- Born: August 6, 1915
- Origin: American
- Died: October 5, 1998 (aged 83)
- Occupations: Composer, Pianist

= Jacques Abram =

American classical pianist

Jacques Abram (August 6, 1915 - October 5, 1998), born Jack Gregory Abram, an American classical pianist, was born in Lufkin, Texas and died in Tampa, Florida.

Abram began improvising at age 3 and performing in public at age 6. As a youth he studied with Ima Hogg and Ruth Burr of Houston. At the urging of Ignace Jan Paderewski and Josef Hofmann, who had heard Abram in concert, his parents enrolled him in the Curtis Institute, where he studied with David Saperton. At age 13, Abram transferred to the Juilliard School, where he continued his studies with Ernest Hutcheson. The well-known pianist and Leschetizky pupil Arthur Shattuck also mentored Abram for many years. The National Federation of Music Clubs awarded Abram its Schubert Memorial Award in 1937. As a result of winning these awards Abram debuted with the Philadelphia Orchestra at Carnegie Hall performing the MacDowell D minor concerto.

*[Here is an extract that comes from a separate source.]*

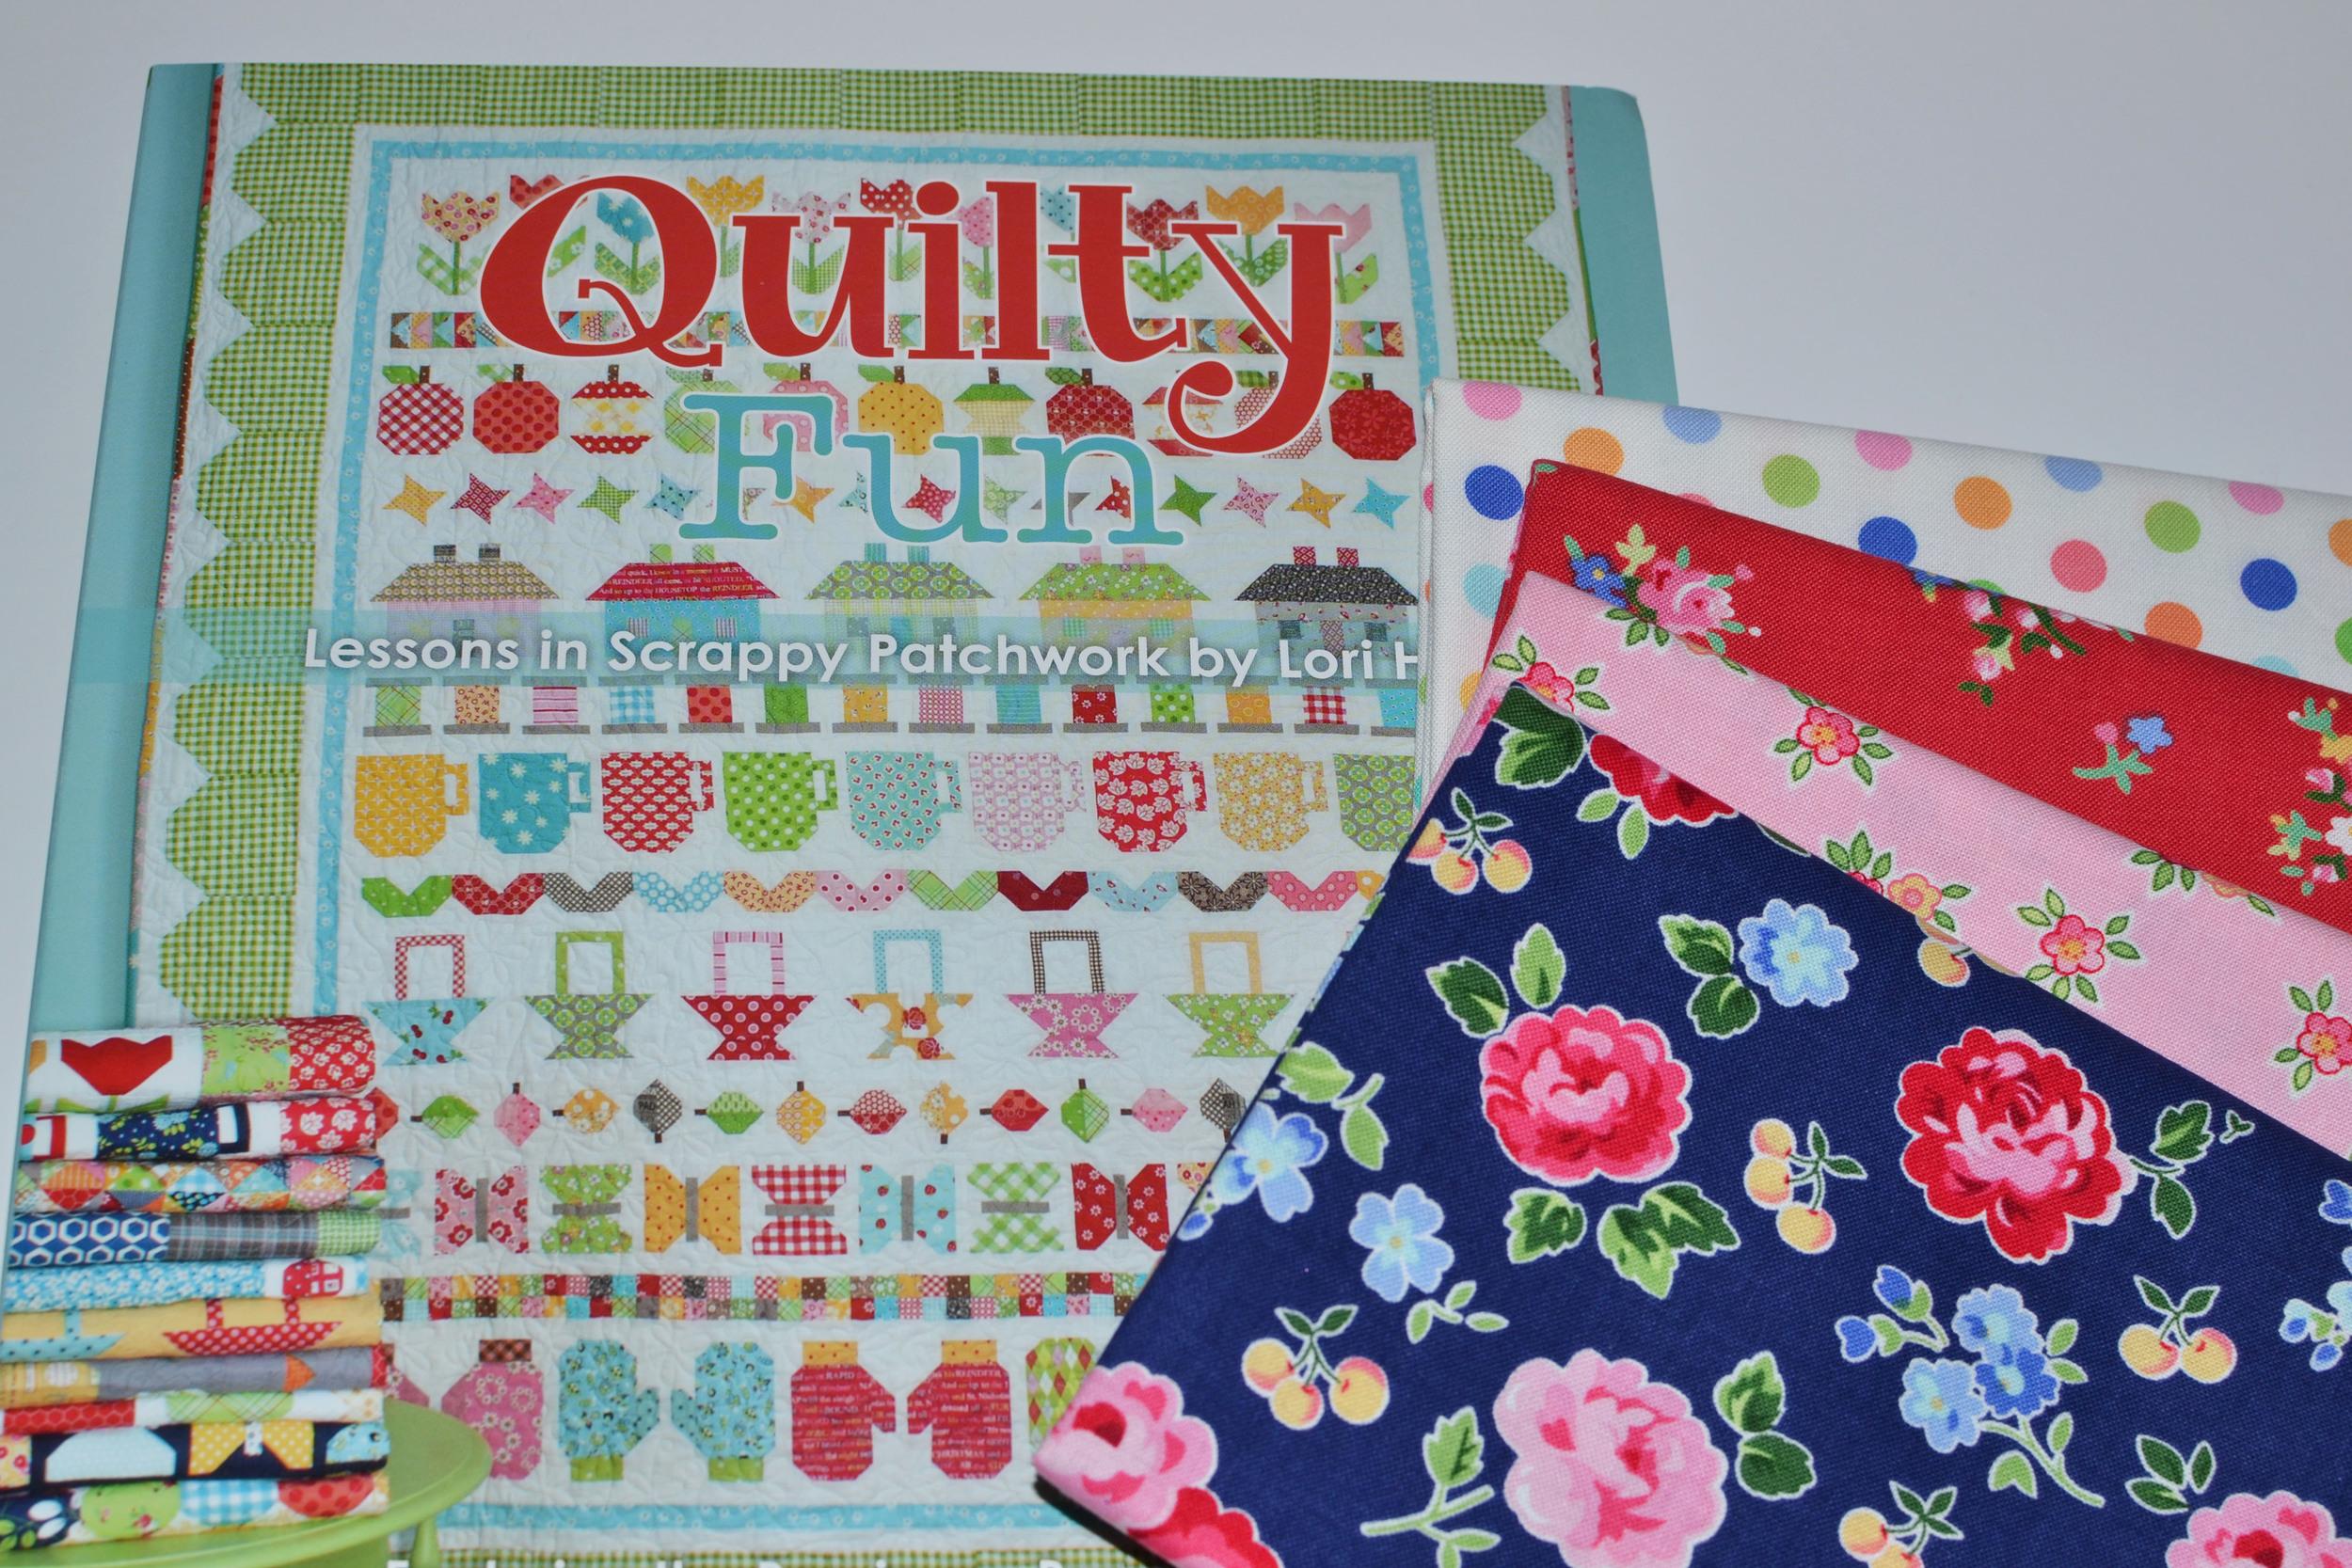 quilty fun honeycombs 1 edit.jpg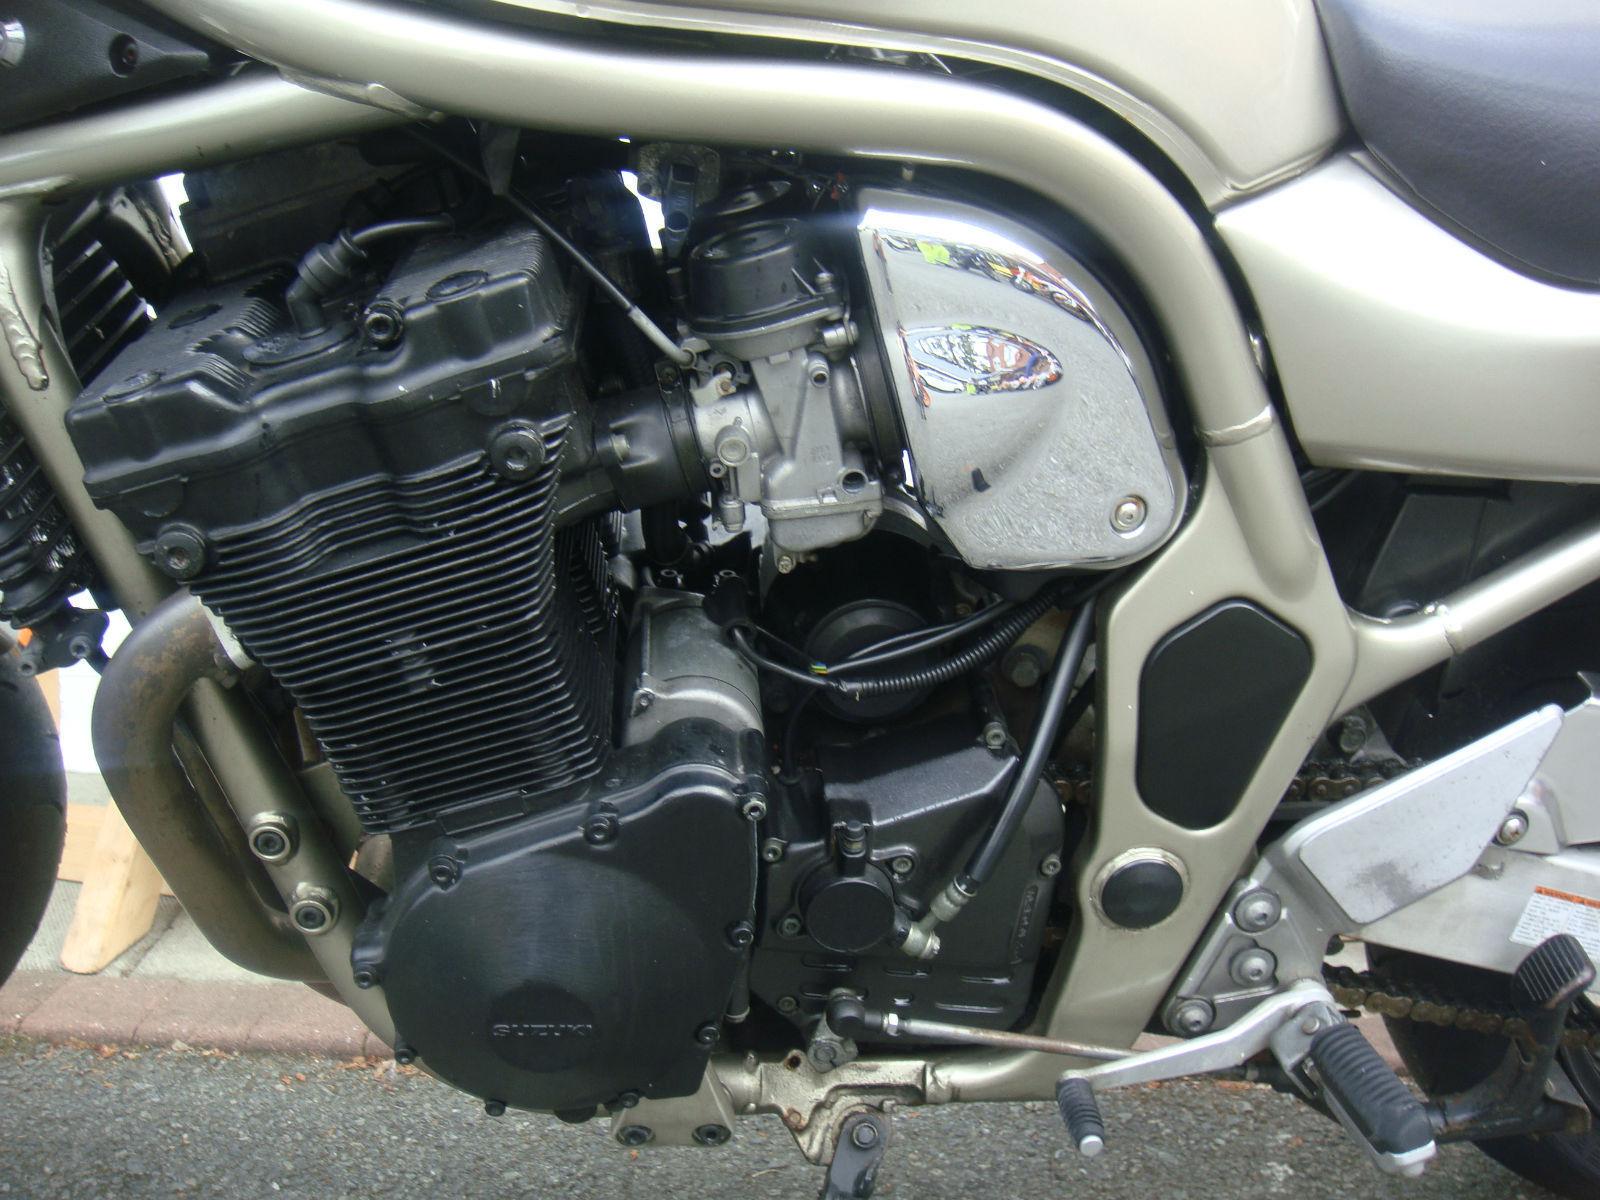 2000 Suzuki GSF 1200 N Bandit Naked Streetfighter Motorcycle

During World War II, Abram was stationed with a special services unit in San Antonio, Texas. He became the artist in residence at Oklahoma College for Women, Chickasha, Oklahoma, in 1955, where he numbered among his devoted pupils Margaret McConnell, Larry Graham, Karen Reynolds, and Leon Whitesell. He assumed the same position in Toronto, Ontario, Canada's University of Toronto and Royal Conservatory of Music in 1960, and in 1963 he moved to Tampa, Florida, where he was on the faculty of the University of South Florida.

In 1948, Abram gave the American premiere of Benjamin Britten's piano concerto in Salt Lake City, Utah. In 1949 he gave the work its New York premiere under the baton of Leopold Stokowski, and on January 25, 1956, he was soloist in the work's first recording, with the Philharmonia Orchestra under Herbert Menges. EMI has reissued that recording on compact disc. According to the composer, Abram also gave the first English and US performances of Arthur Benjamin's 1949 Concerto quasi una Fantasia; in Benjamin's words, "Jacques Abram, the American pianist, gave it its first English performance at the Cheltenham Festival in 1952 and the first American performance in San Antonio in 1953."

In 1955, he married Christine Dorsey, and was the father of Jonathan, Gregory and Nell Abram.